WORK REQUEST: Once the images are set aside, output the listing exactly as it stands.

DATA EXTRACT:
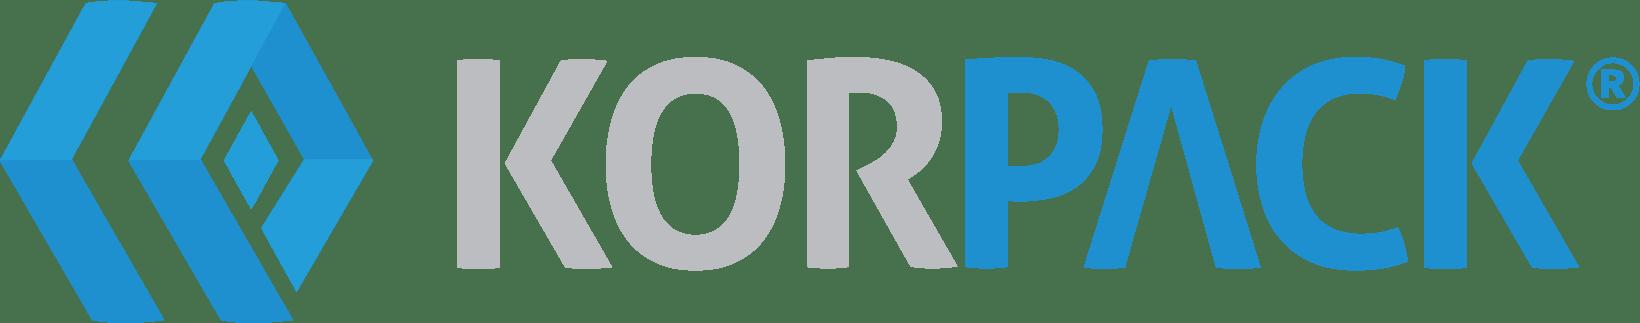 korpack-logo
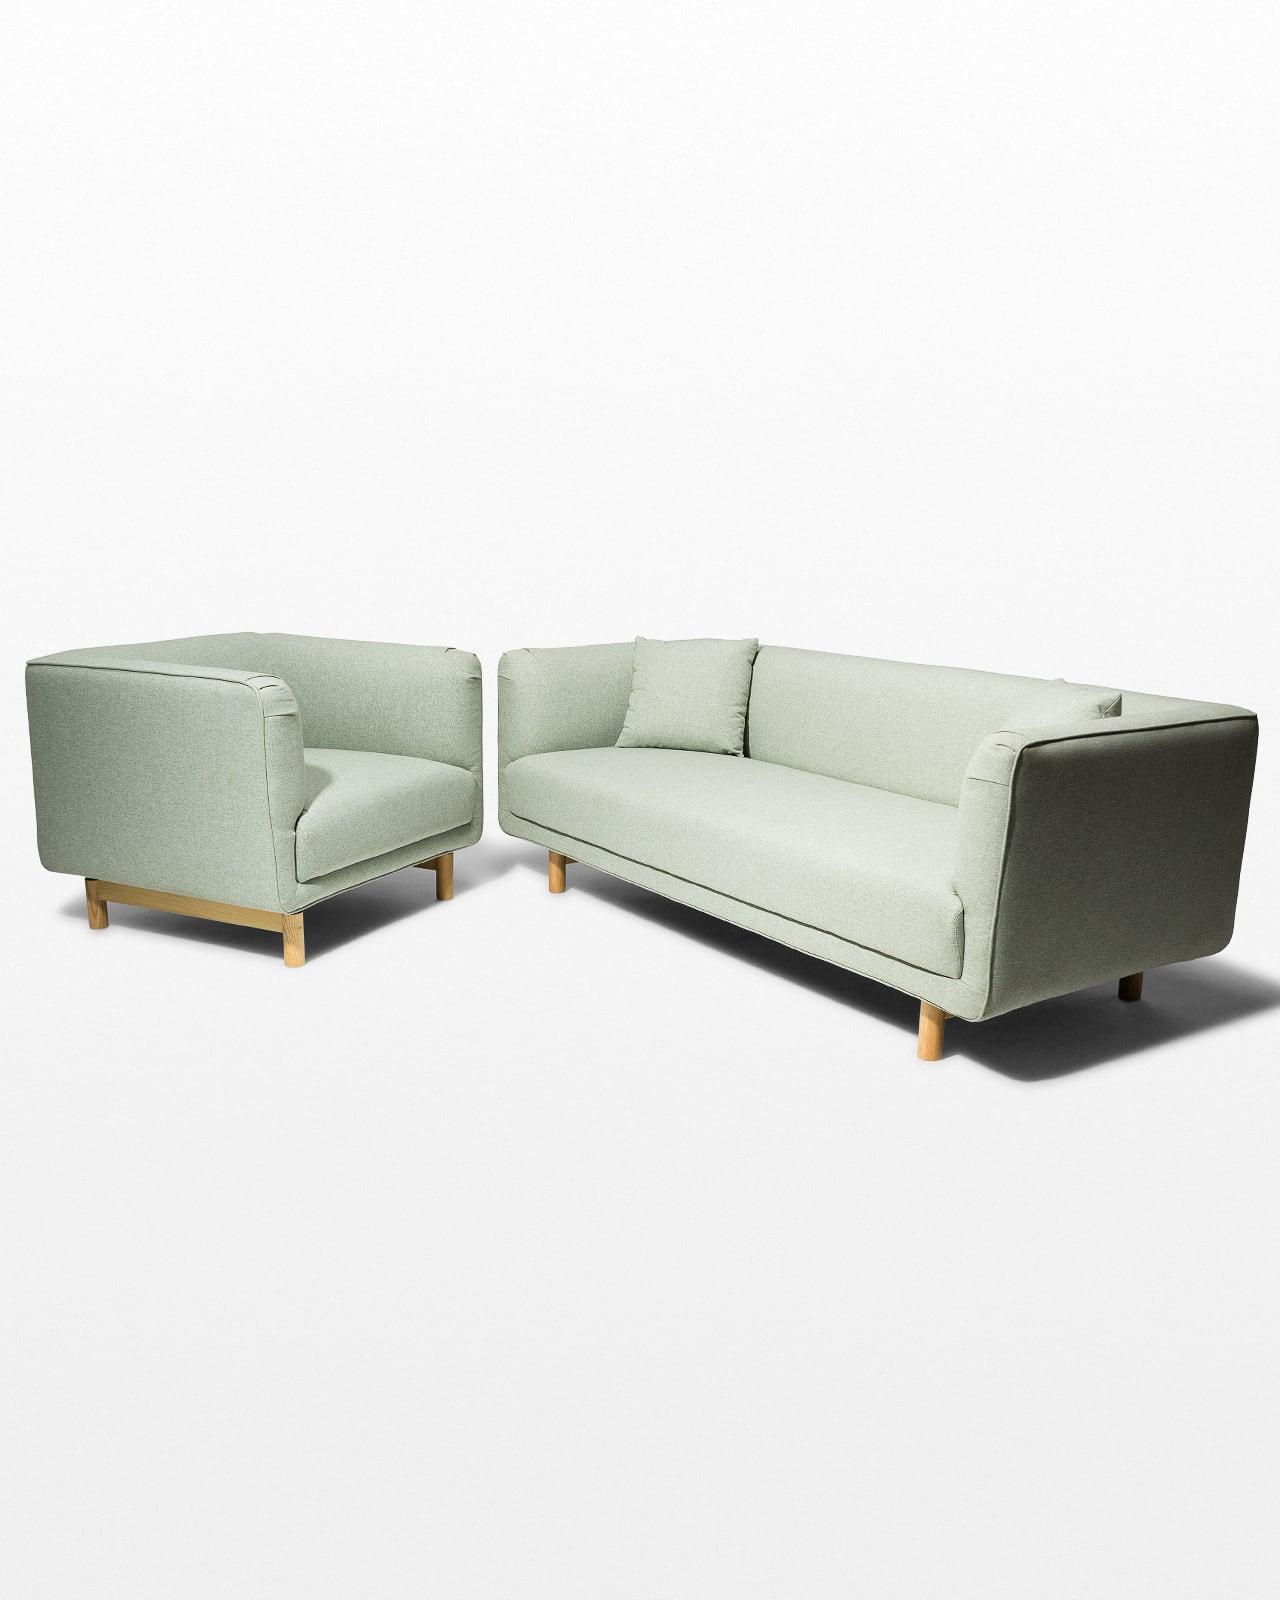 Co073 S Belmont Sofa And Armchair Set Prop Rental Acme Brooklyn
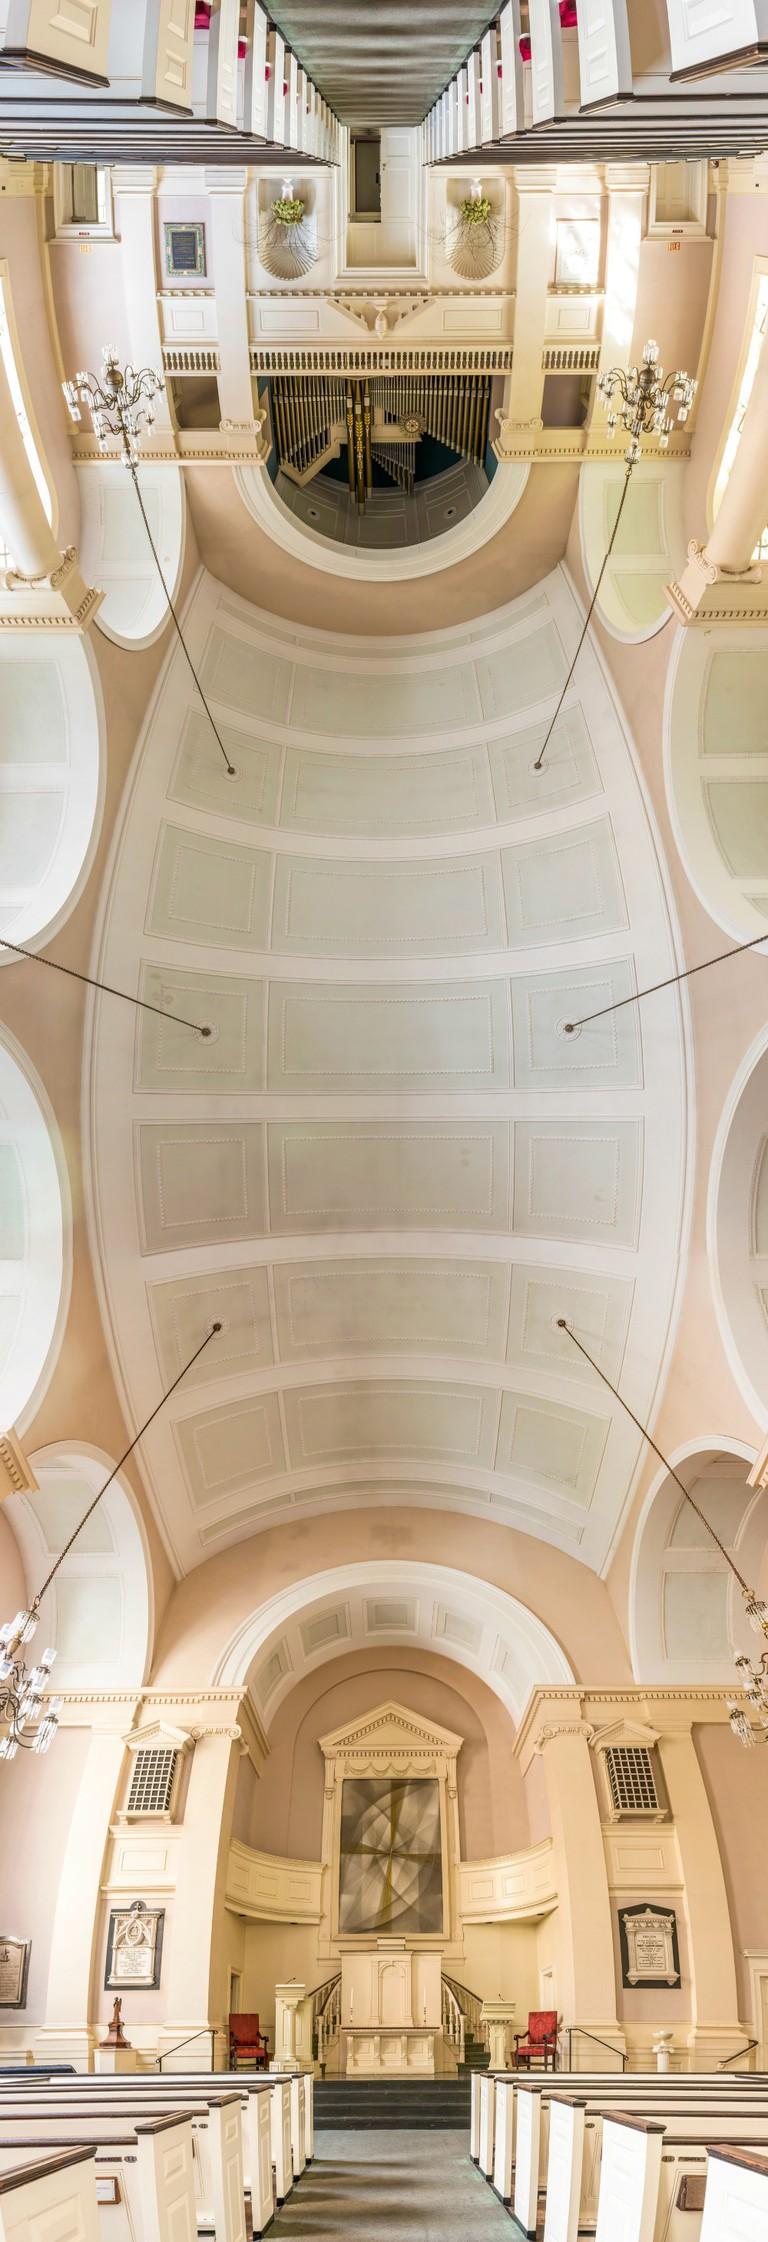 All Souls Church | © Richard Silver

TASK OUTPUT:
 korpack-logo
 Co073 S Belmont Sofa And Armchair Set Prop Rental Acme Brooklyn
 All Souls Church | © Richard Silver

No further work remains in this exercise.